High Performance Colourspace Manipulation in R
output: github_document
farver 
knitr::opts_chunk$set(
collapse = TRUE,
comment = "#>",
fig.path = "man/figures/README-"
)
The goal of farver is to provide very fast, vectorised functions for
conversion of colours between different colour spaces, colour comparisons
(distance between colours), encoding/decoding, and channel manipulation in
colour strings. To this end it provides an interface to a modified
version of the ColorSpace C++
library developed by Berendea Nicolae.
Installation
farver can be installed from CRAN using install.packages('farver'). The
development version can be installed from Github using devtools:
# install.packages('devtools')
devtools::install_github('thomasp85/farver')
Use
farver provides an alternative to the grDevices::rgb() and
grDevices::col2rgb() for encoding and decoding colours strings. The farver
functions are superficially equivalent but provides a uniform output format, and
the option to encode and decode directly from/to other colour spaces.
library(farver)
codes <- rainbow(10)
codes
spectrum <- decode_colour(codes)
spectrum
encode_colour(spectrum)
It also provides an alternative to grDevices::convertColor() to switch between
colours spaces. If the origin is a colour string it is possible to decode
directly into the given colour space. Conversely, if the endpoint is a colour
string it is also possible to encode directly from a given colour space.
spectrum_lab <- convert_colour(spectrum, 'rgb', 'lab')
spectrum_lab
decode_colour(codes, to = 'lab')
encode_colour(spectrum_lab, from = 'lab')
If colours are given as strings, manipulation of channels will normally require
decoding, conversion to the correct colour space, manipulation of the given
channel, converting back to rgb and the encoding to string. farver provides a
range of functions that allow you to change any channel in the supported spaces
directly in colour strings:
# Add a value to the channel
add_to_channel(codes, channel = 'l', value = 1:10, space = 'lab')
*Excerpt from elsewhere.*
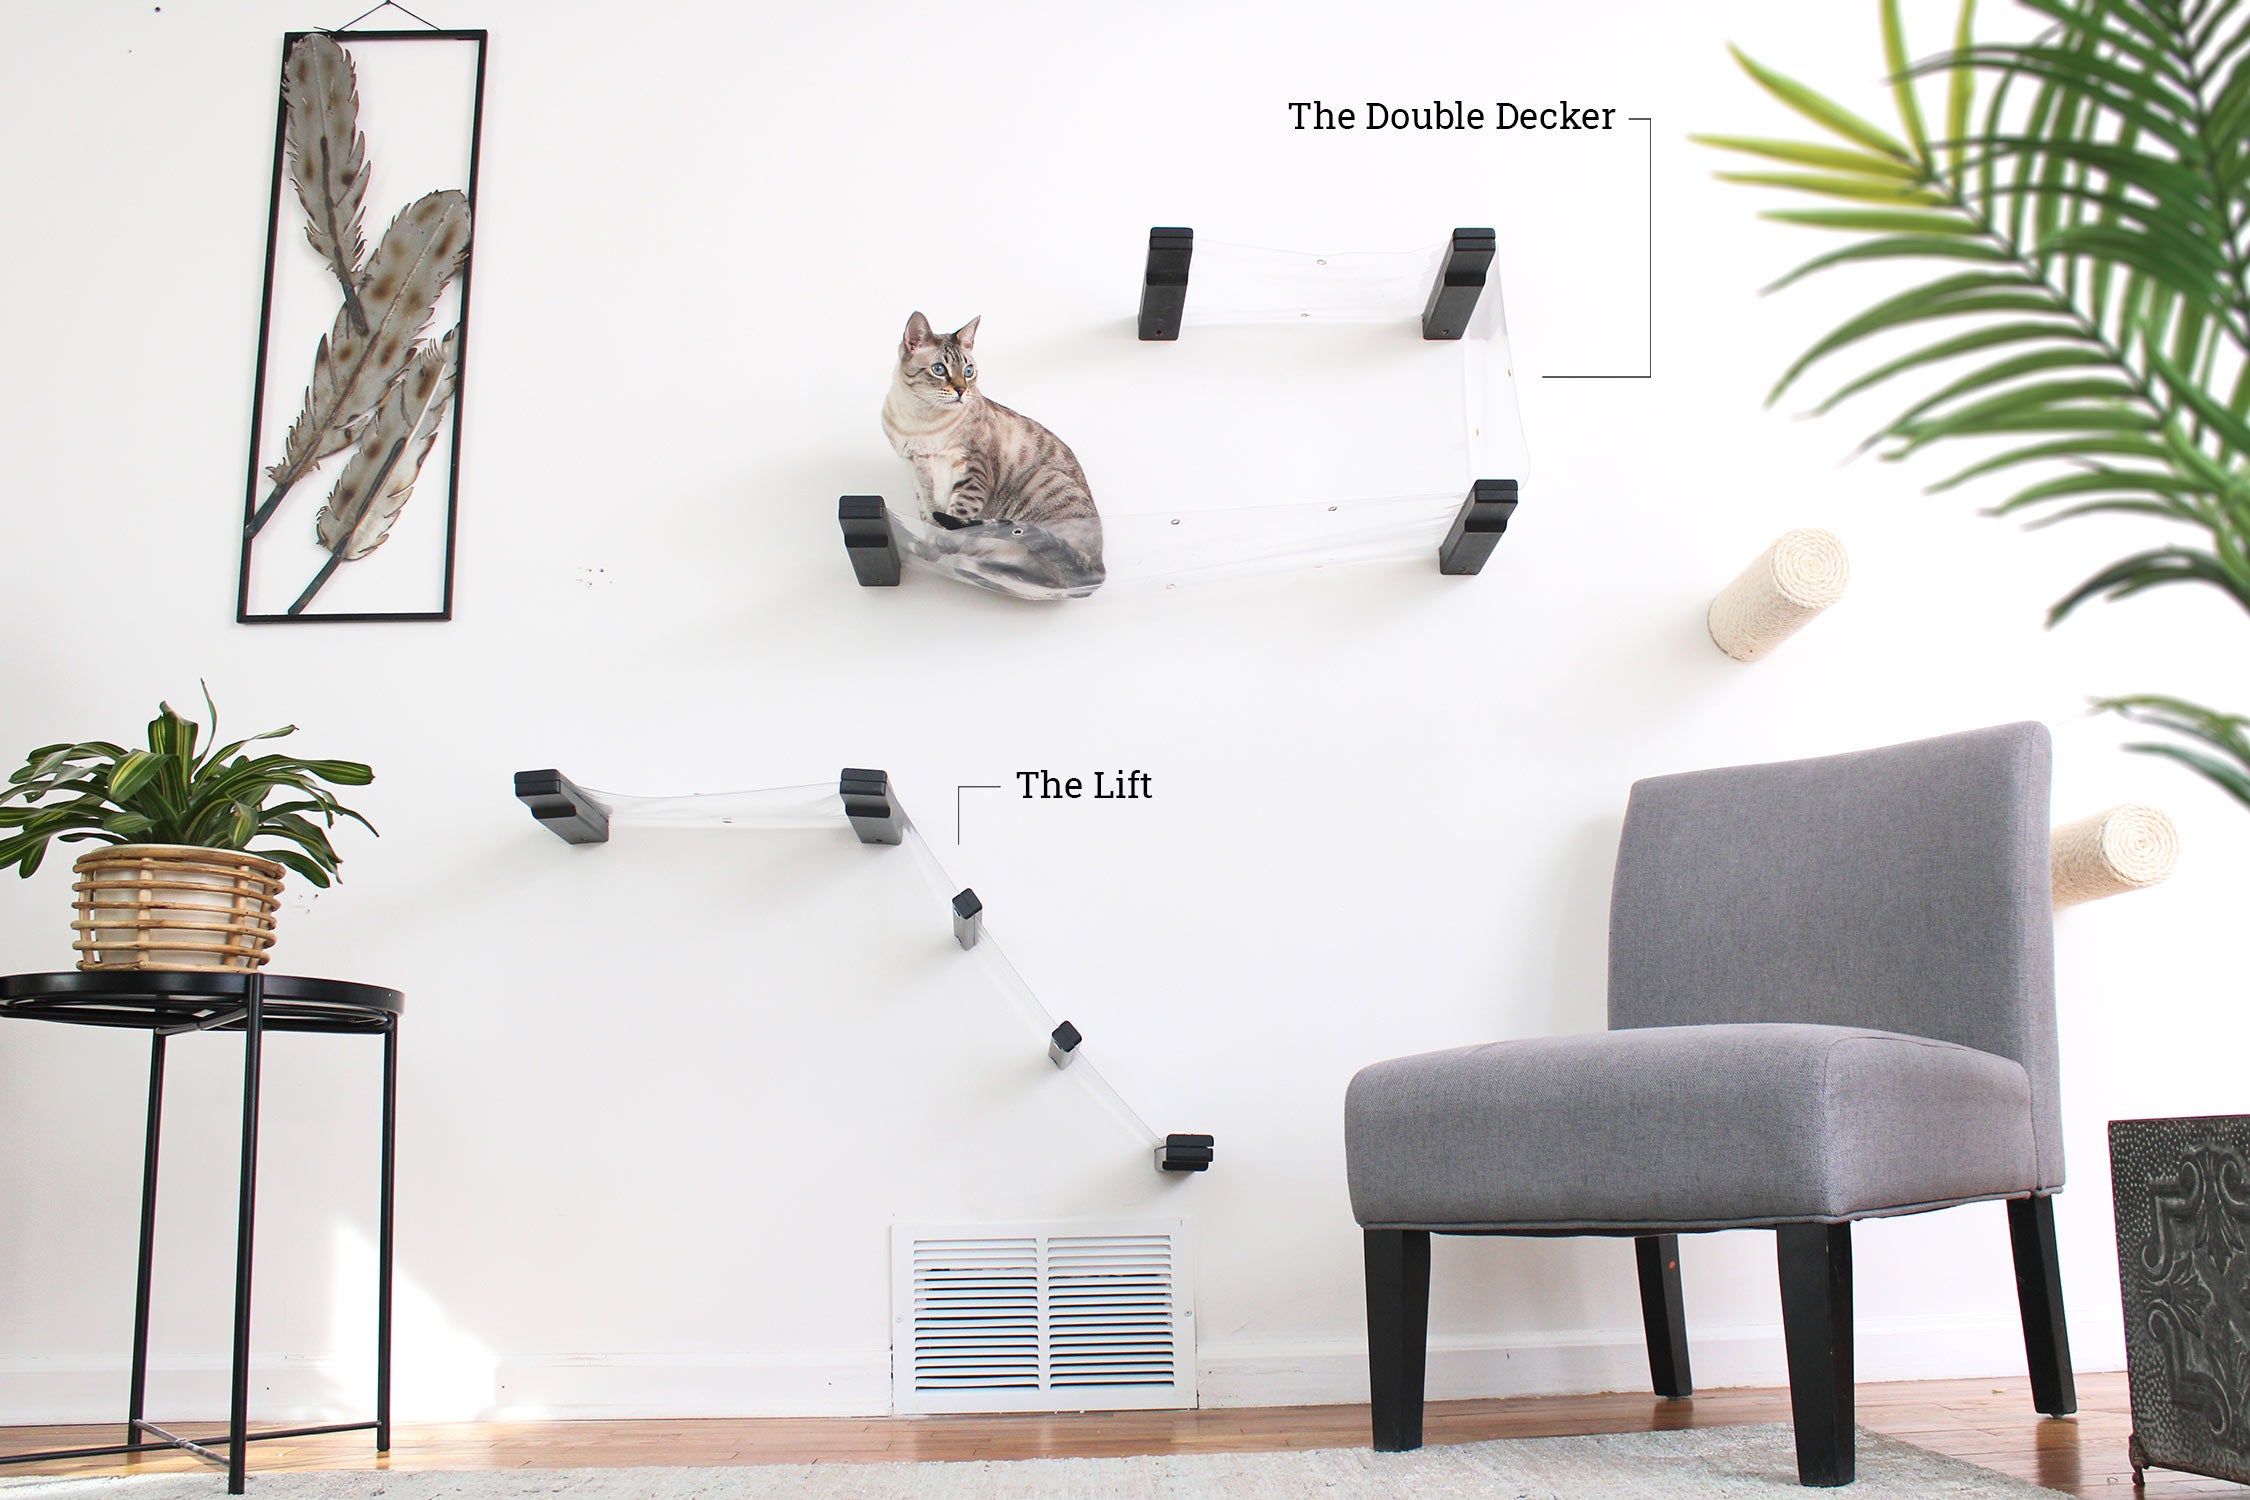 The Lift and Double Decker Invisible Cat Hammocks on a wall with art and plants

# Set a channel to a specific value
set_channel(codes, 'alpha', c(0.3, 0.7))
# Limit a channel to a given value
cap_channel(codes, 'r', 200)
Lastly, farver also provides utilities for calculating the distance between
colours, based on a range of different measures
spectrum2 <- t(col2rgb(heat.colors(10)))
compare_colour(spectrum, spectrum2, 'rgb', method = 'cie2000')[1:6, 1:6]
Supported colour spaces
farver currently supports the following colour spaces:
- CMY
- CMYK
- HSL
- HSB
- HSV
- CIE L*AB
- Hunter LAB
- OK LAB
- LCH(ab)
- LCH(uv)
- LCH(OK)
- LUV
- RGB
- XYZ
- YXY
Supported distance measures
farver supports the following colour distance metrics
- Euclidean
- CIE1976
- CIE94
- CIE2000
- CMC
White References
farver allows you to set the white point for relative colour spaces, either
based on a standard illuminant (A-F series supported) or by specifying
chromaticity coordinates or tristimulus values directly
Benchmark
farver is faster than its grDevices counterpart but less so than it was at
its first release, as the colour conversion in grDevices has been improved
since.
library(ggplot2)
test <- matrix(runif(300000, min = 0, max = 255), ncol = 3)
timing <- bench::mark(
farver = convert_colour(test, 'rgb', 'lab'),
grDevices = convertColor(test, 'sRGB', 'Lab', scale.in = 255),
check = FALSE,
min_iterations = 100
)
plot(timing, type = 'ridge')
Still, if the start- and/or endpoint are colour strings the ability
to decode and encode directly from/to any colour space will give a huge speed
up.
colour_strings <- colours()
timing <- bench::mark(
farver = decode_colour(colour_strings, to = 'lab'),
grDevices = convertColor(t(col2rgb(colour_strings)), 'sRGB', 'Lab', scale.in = 255),
check = FALSE,
min_iterations = 100
)
plot(timing, type = 'ridge')
Code of Conduct
Please note that the ‘farver’ project is released with a
Contributor Code of Conduct.
By contributing to this project, you agree to abide by its terms.